#### PROBLEM:
Once you reach the line with "Japanese Suite ห้องแบบญี่ปุ่น เสื่อทาทามิ" in the material below, copy each line exactly up to and including the line with "Sunlight in autumn garden by AGorohov", and skip the pictures.

#### INPUT RECORDS:
--- START ---

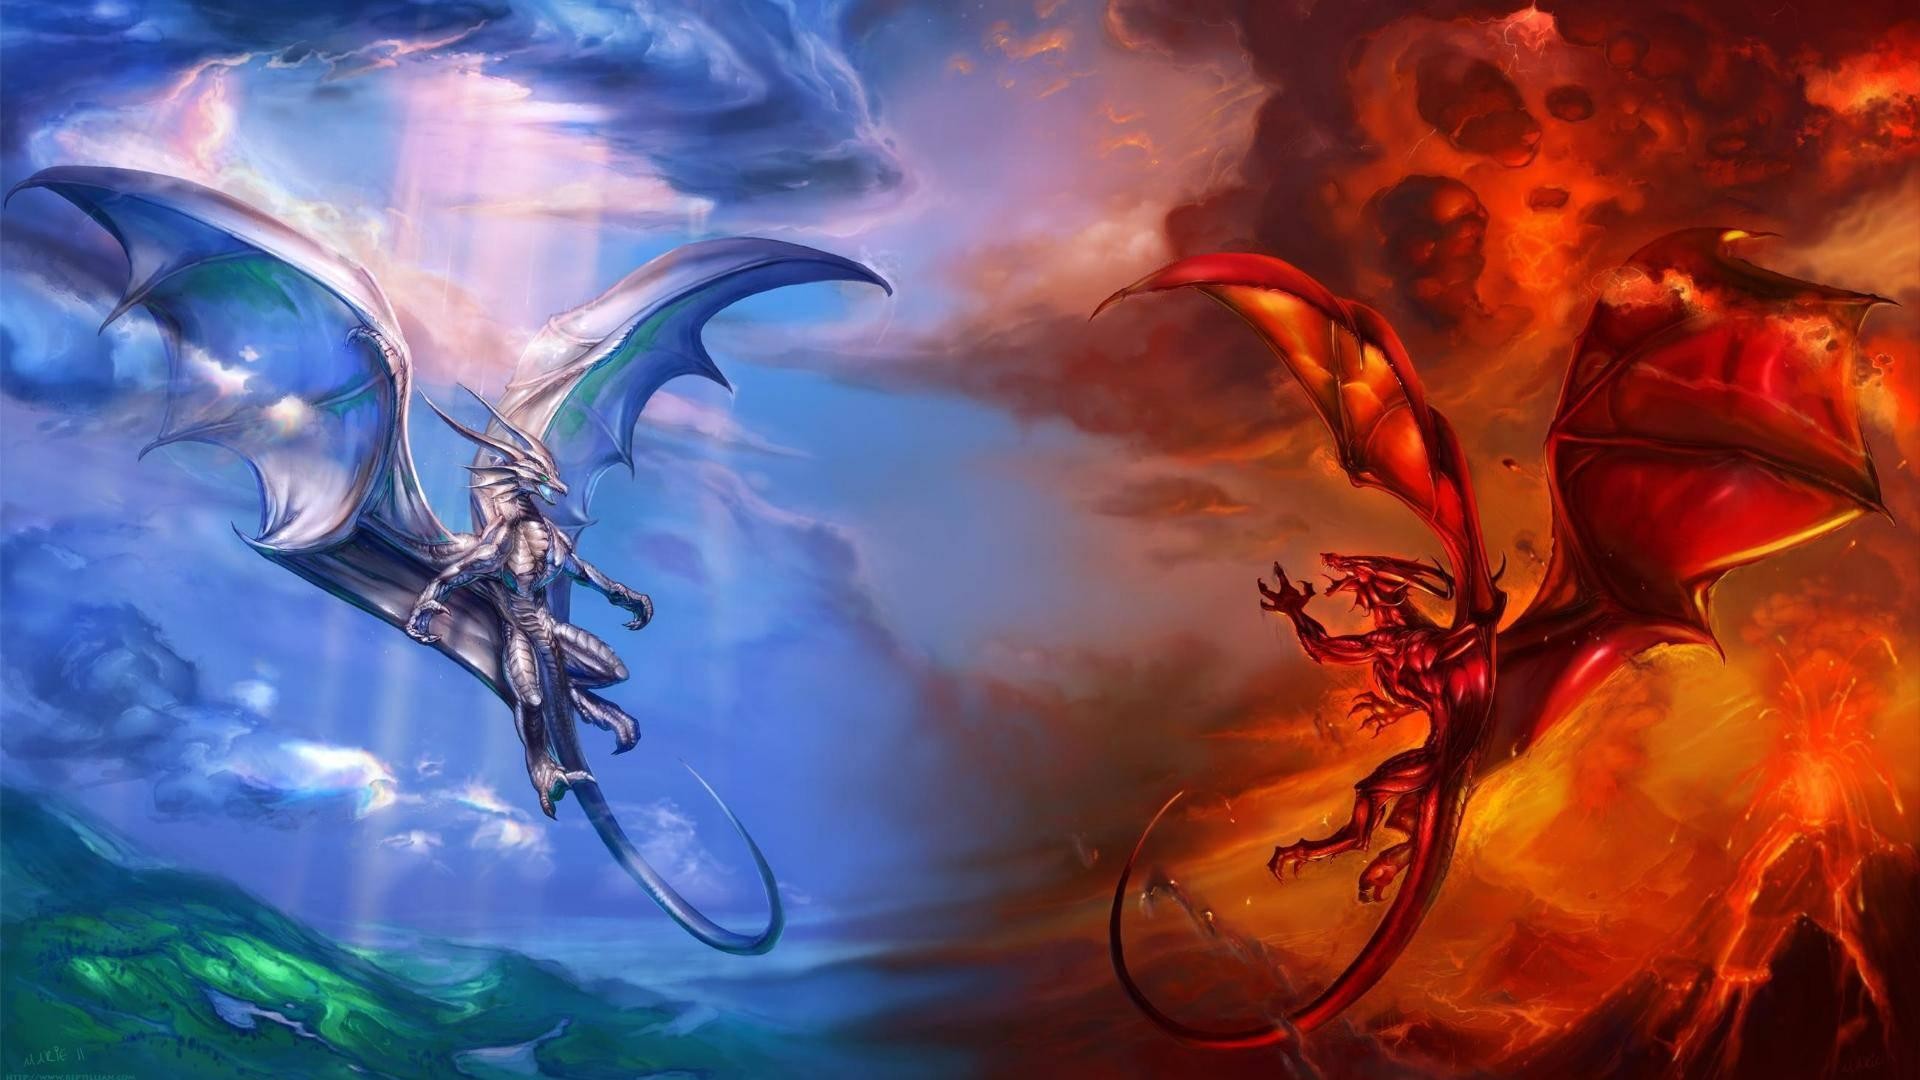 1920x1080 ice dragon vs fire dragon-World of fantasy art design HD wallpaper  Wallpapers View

--- END ---
--- START ---

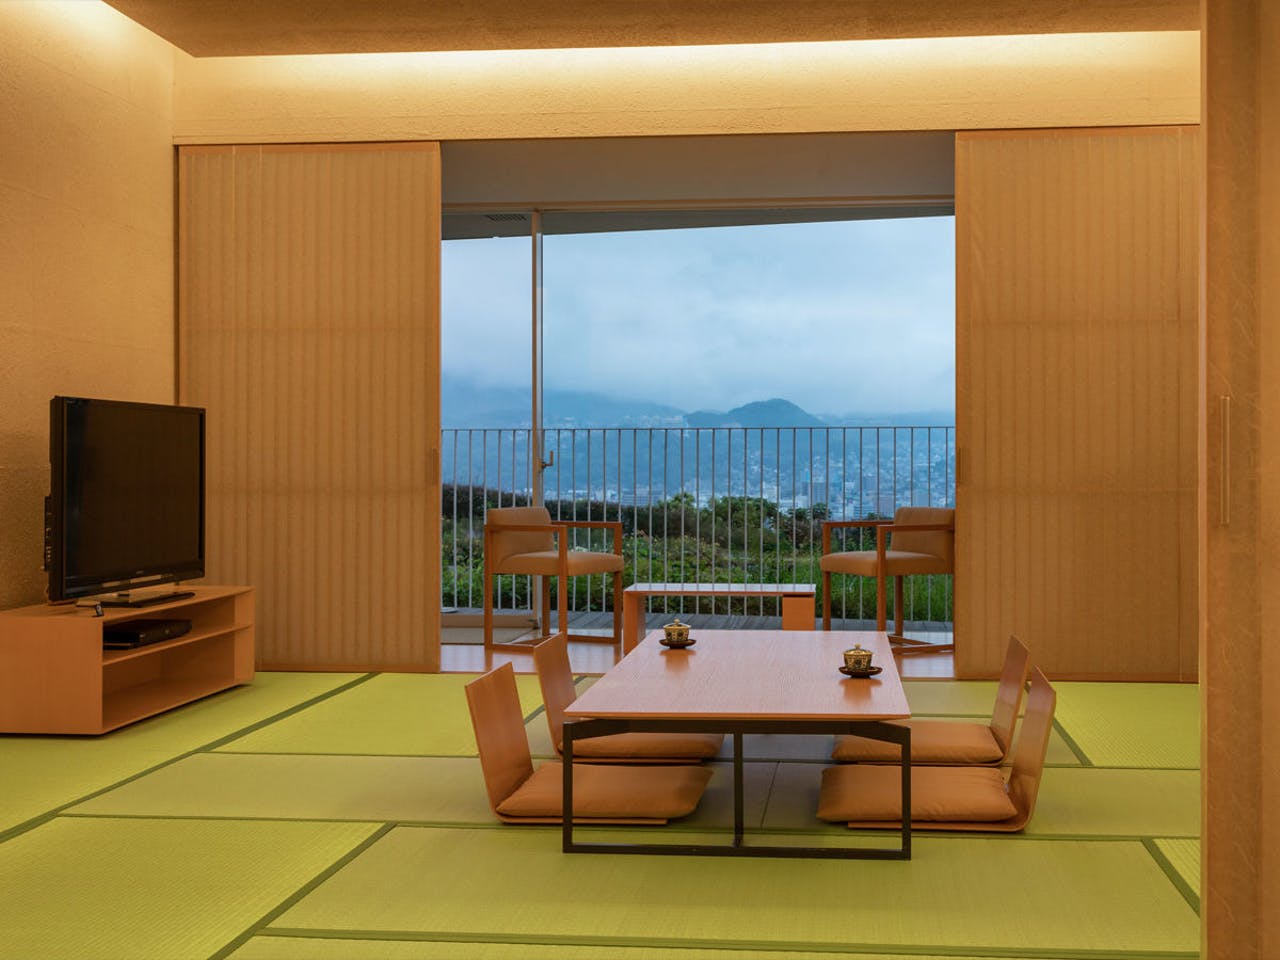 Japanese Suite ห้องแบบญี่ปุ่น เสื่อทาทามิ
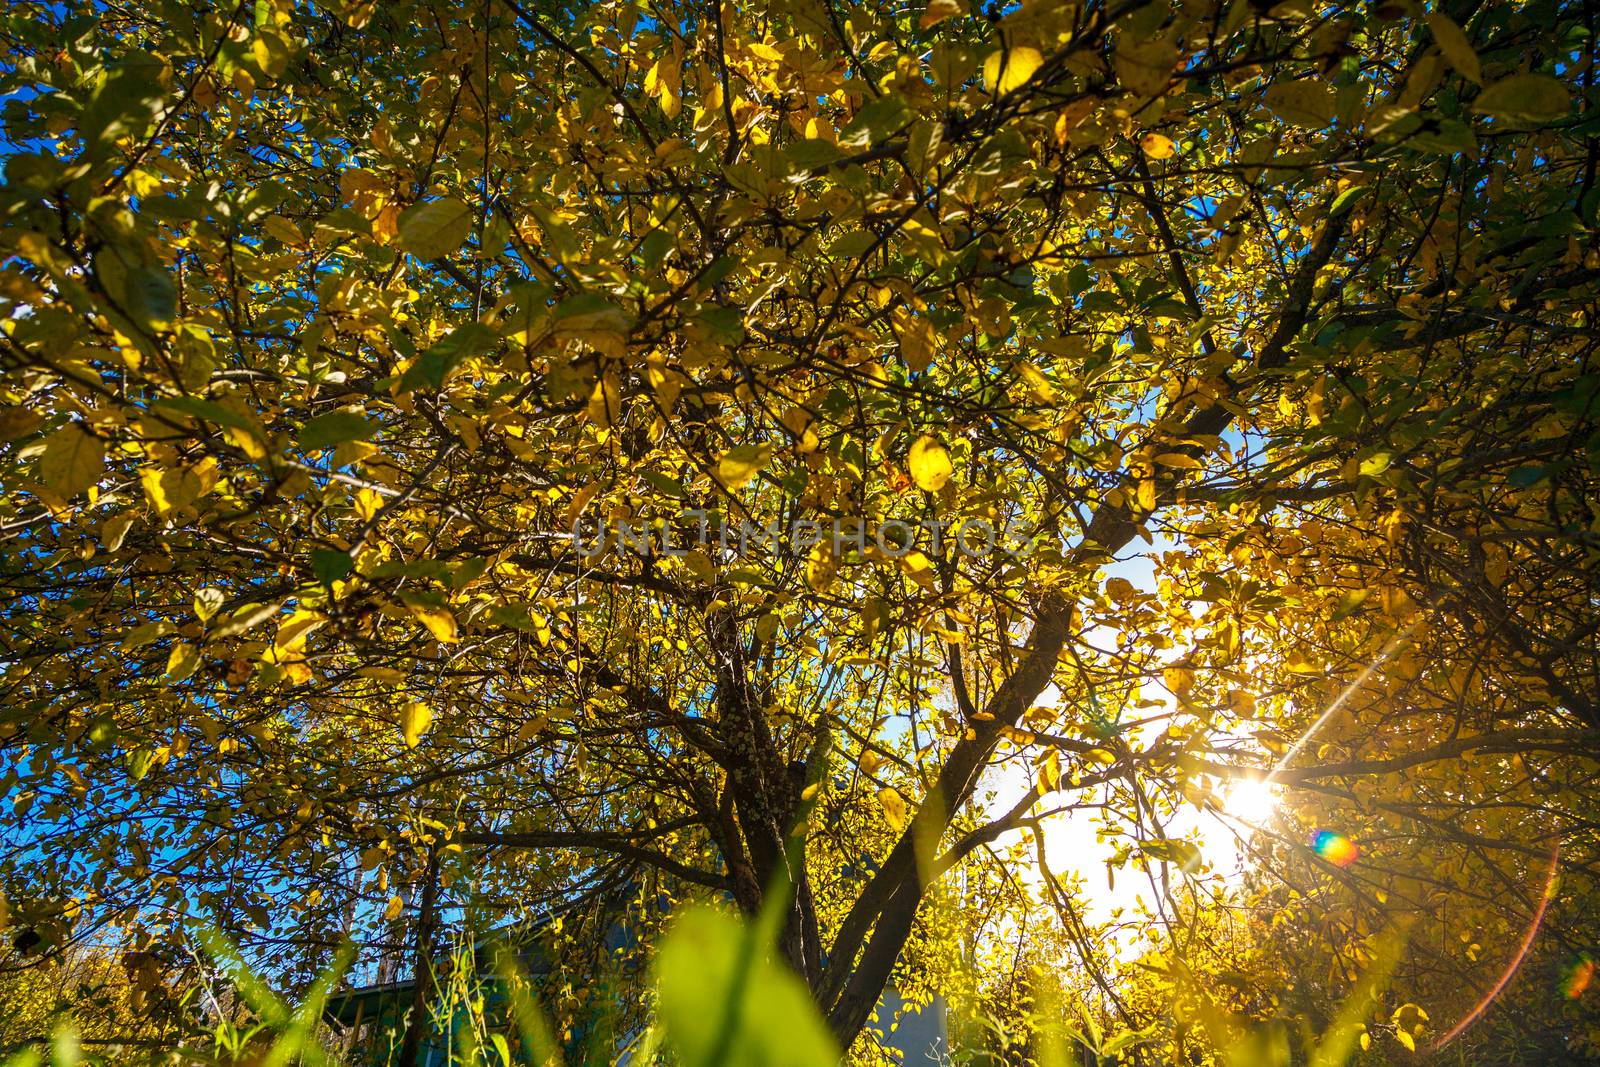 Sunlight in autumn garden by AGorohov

--- END ---
--- START ---

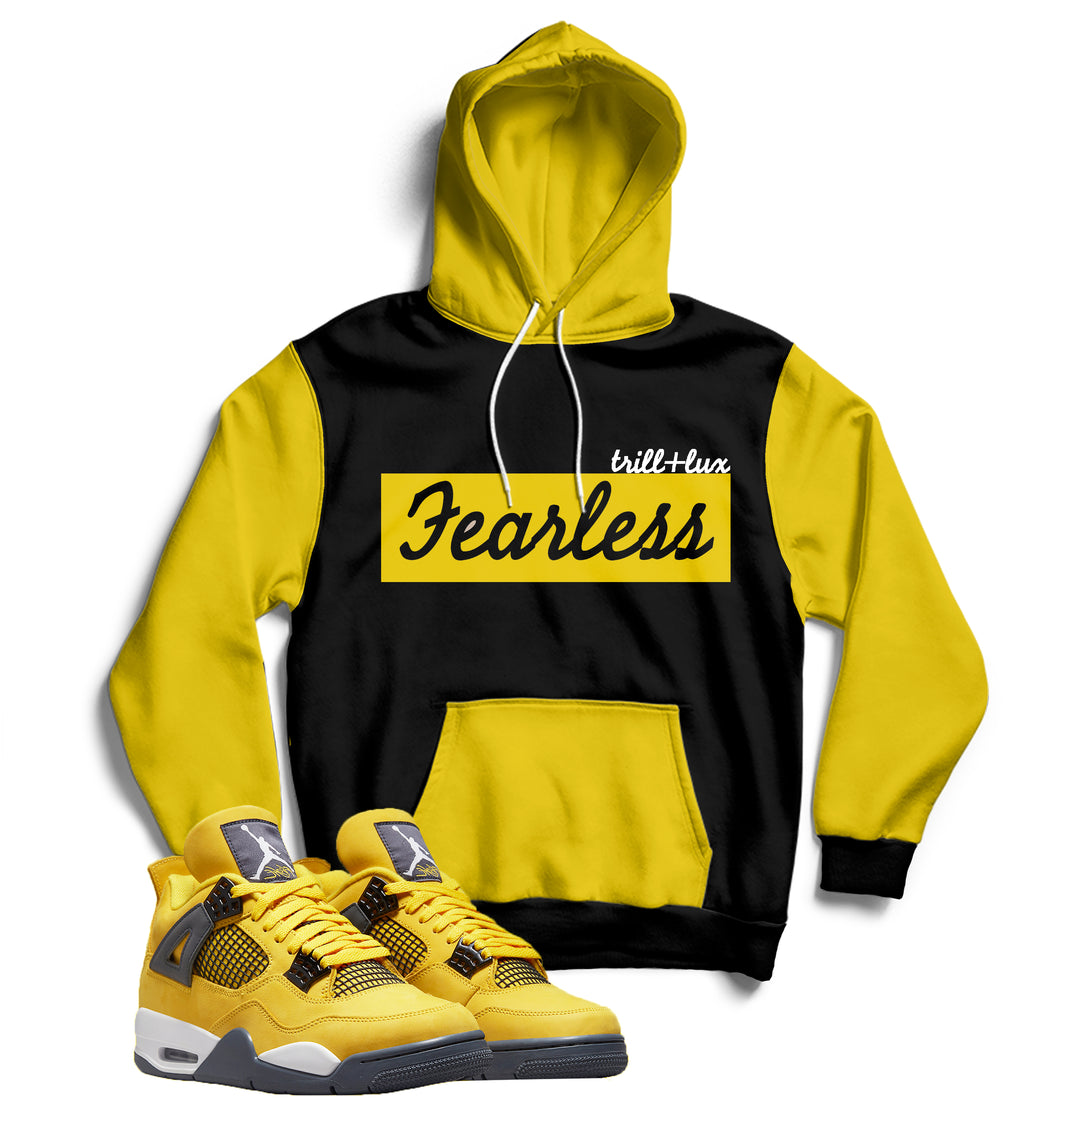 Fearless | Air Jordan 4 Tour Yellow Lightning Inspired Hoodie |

--- END ---

#### TASK RESULT:
 Japanese Suite ห้องแบบญี่ปุ่น เสื่อทาทามิ
 Sunlight in autumn garden by AGorohov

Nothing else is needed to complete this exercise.